Psychological dependence

Psychological dependence is a state that involves emotional–motivational withdrawal symptoms, e.g. anxiety and anhedonia, upon cessation of drug use or certain behaviours. It develops through frequent exposure to a psychoactive substance or behaviour, though behavioural dependence is less talked about. The specific mechanism involves a neuronal counter-adaption, which could be mediated through changes in neurotransmittor activity or altered receptor expression.[5][6][7][8][9] Withdrawal symptoms can be attenuated by environmental enrichment and physical activity.[10][11] Psychological dependence is not to be confused with physical dependence, which induces physical withdrawal symptoms upon discontinuation of use. However they are not mutually exclusive.[10][12]

Addiction and dependence glossary[1][2][3][4]
  • addiction – a brain disorder characterized by compulsive engagement in rewarding stimuli despite adverse consequences
  • addictive behavior – a behavior that is both rewarding and reinforcing
  • addictive drug – a drug that is both rewarding and reinforcing
  • dependence – an adaptive state associated with a withdrawal syndrome upon cessation of repeated exposure to a stimulus (e.g., drug intake)
  • drug sensitization or reverse tolerance – the escalating effect of a drug resulting from repeated administration at a given dose
  • drug withdrawal – symptoms that occur upon cessation of repeated drug use
  • physical dependence – dependence that involves persistent physical–somatic withdrawal symptoms (e.g., fatigue and delirium tremens)
  • psychological dependence – dependence that involves emotional–motivational withdrawal symptoms (e.g., dysphoria and anhedonia)
  • reinforcing stimuli – stimuli that increase the probability of repeating behaviors paired with them
  • rewarding stimuli – stimuli that the brain interprets as intrinsically positive and desirable or as something to approach
  • sensitization – an amplified response to a stimulus resulting from repeated exposure to it
  • substance use disorder – a condition in which the use of substances leads to clinically and functionally significant impairment or distress
  • tolerance – the diminishing effect of a drug resulting from repeated administration at a given dose

Symptoms

Symptoms of psychological dependence include:

Development

Psychological dependence is caused by consistent and frequent exposure to a drug or behavioural activity.[13] It is often associated with effects of drug use, but it can also be caused by behaviourial activity e.g. pornography.[14]

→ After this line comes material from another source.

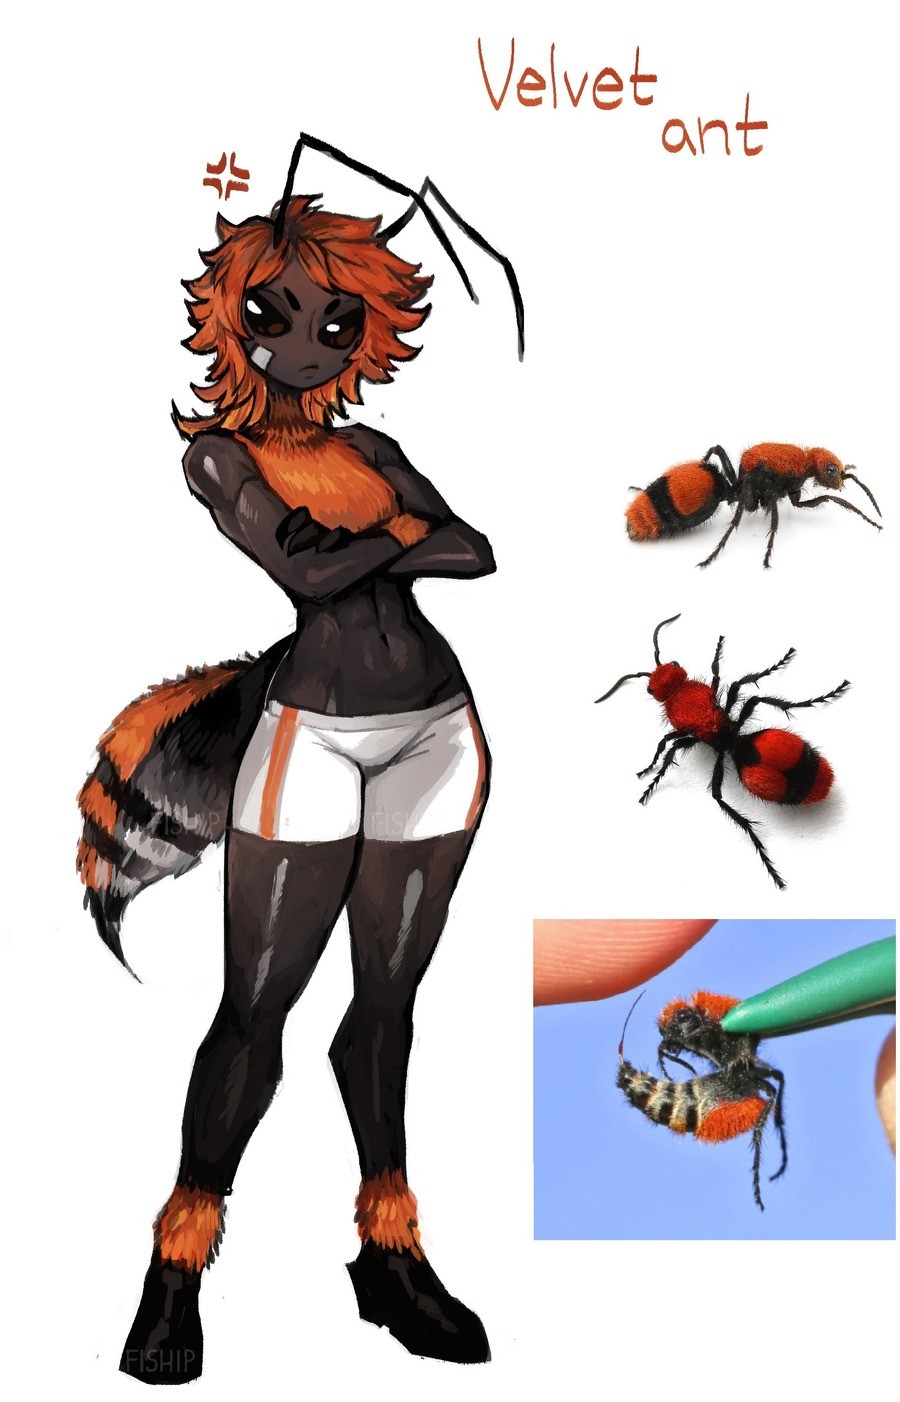 Velvet Ant and Tarantula Hawk. join list: KlictiChasers (160 subs)Mention History.. 2 prime examples of &quot;LEAVE IT THE ALONE&quot;.

The mechanism that generates the dependence involves a neuronal counter-adaption, which is localized to the area where the drugs positive reinforcement stems from. This adaption could occur either as a change in neurotransmitter activity or as an altered receptor expression.[5]

Change in neurotransmittor activity

Studies have shown that in rats going through ethanol withdrawal , stimulant withdrawal or opioid withdrawaal, the nucleus accumbens showed lower levels of serotonin and dopamine than controls. These decreases are associated with depression and anxiety.[6][7]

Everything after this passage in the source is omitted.